Can entry clearance be granted despite a re-entry ban?
Where a mandatory re-entry ban applies it may still be possible to apply for and be granted entry clearance outside the rules. This is not straightforward and the applicant will be expected to establish “compelling compassionate grounds”.
It is unlikely that an application invoking this policy will be successful. The guidance on leave outside the rules confirms that:
A grant of LOTR should be rare. Discretion should be used sparingly where there are factors that warrant a grant of leave despite the requirements of the Immigration Rules or specific policies having not been met. Factors raised in their application must mean it would not be proportionate to expect the person to remain outside of the UK or to leave the UK.
In practice, if there were exceptional circumstances or the person had a strong article 8 claim, it is more likely they would be able to apply under Appendix FM, or that they would have applied for leave to remain when still in the UK.
This article was originally published in March 2017 and has been updated most recently by Sonia Lenegan so that it is correct as of the new date of publication shown.
3 responses
Very interesting but how might this apply to EU citizens living in the UK who have never applied for residency, do not have copies of all the documents required (because there was no obvious need to keep such records) and have never purchased CSI. It seems to be that the Home Office can treat the lack of CSI as a criminal offence, theoretically making the EU citizen in question “an illegal immigrant”.

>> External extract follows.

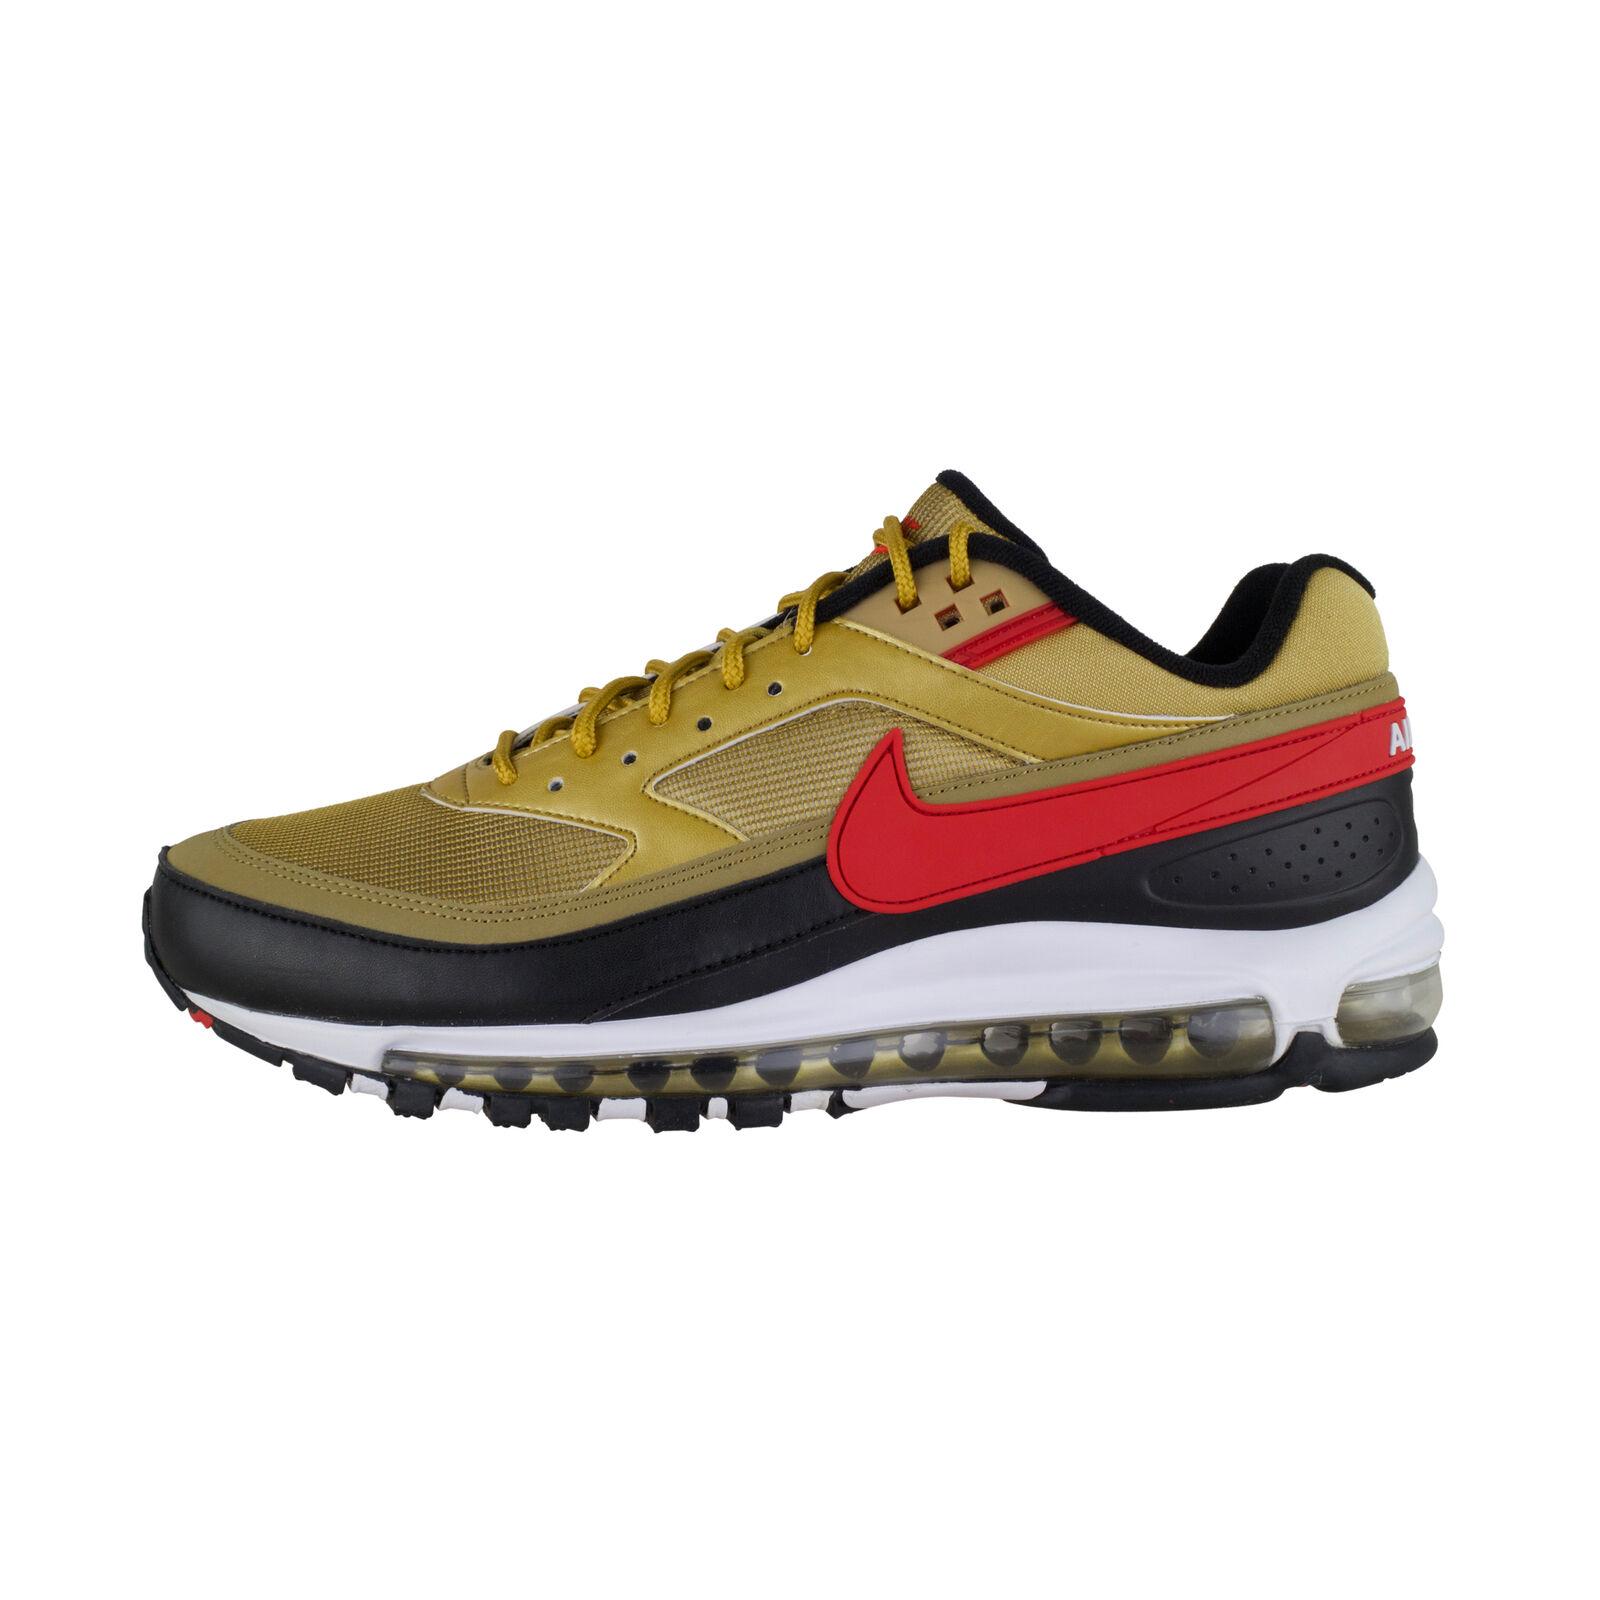 Détails sur Nike Air Max 97 Bw or Noir AO2406 700

What happens if the EU citizen in question leaves the country in the next two years (ie before Brexit) on holiday or business… will they be stopped at their return and refused entry… It would be very useful if this could be clarified as it could have major implications for many people.
As long as the UK remains part of the EU, these immigration rules do not apply – these rules affect non-EU migrants only. After Brexit, who knows?